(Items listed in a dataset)
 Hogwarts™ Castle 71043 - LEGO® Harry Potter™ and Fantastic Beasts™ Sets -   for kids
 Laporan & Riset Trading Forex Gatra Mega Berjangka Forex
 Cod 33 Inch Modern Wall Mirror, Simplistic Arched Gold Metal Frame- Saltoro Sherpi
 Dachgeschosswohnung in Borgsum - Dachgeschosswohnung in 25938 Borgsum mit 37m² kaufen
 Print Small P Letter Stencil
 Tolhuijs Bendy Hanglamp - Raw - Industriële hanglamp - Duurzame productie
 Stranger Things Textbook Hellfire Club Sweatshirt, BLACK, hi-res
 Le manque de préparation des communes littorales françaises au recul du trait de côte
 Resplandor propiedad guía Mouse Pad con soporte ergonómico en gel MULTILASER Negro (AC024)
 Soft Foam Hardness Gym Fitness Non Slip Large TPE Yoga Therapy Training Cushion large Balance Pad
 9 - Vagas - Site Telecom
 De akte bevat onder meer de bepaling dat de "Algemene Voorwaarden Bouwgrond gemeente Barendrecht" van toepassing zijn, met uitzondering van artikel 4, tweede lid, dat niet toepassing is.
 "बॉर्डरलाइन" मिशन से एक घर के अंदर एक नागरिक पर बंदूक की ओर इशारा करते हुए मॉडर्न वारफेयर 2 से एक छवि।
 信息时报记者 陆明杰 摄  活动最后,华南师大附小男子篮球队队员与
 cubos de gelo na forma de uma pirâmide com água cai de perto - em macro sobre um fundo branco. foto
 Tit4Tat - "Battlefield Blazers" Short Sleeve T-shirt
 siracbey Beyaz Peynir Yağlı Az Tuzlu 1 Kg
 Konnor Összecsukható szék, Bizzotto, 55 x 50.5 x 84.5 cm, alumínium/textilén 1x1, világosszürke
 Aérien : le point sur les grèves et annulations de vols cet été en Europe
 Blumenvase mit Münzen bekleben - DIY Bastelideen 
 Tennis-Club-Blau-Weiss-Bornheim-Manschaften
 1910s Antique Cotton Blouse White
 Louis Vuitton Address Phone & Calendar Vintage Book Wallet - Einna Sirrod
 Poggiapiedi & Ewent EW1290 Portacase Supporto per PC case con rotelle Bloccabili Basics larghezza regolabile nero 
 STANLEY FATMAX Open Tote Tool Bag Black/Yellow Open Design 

Problem statement: Print the lines above from the one with "cubos de gelo" through the one with "Blumenvase mit Münzen", both included, exactly as written and nothing more.

Output below:
 cubos de gelo na forma de uma pirâmide com água cai de perto - em macro sobre um fundo branco. foto
 Tit4Tat - "Battlefield Blazers" Short Sleeve T-shirt
 siracbey Beyaz Peynir Yağlı Az Tuzlu 1 Kg
 Konnor Összecsukható szék, Bizzotto, 55 x 50.5 x 84.5 cm, alumínium/textilén 1x1, világosszürke
 Aérien : le point sur les grèves et annulations de vols cet été en Europe
 Blumenvase mit Münzen bekleben - DIY Bastelideen 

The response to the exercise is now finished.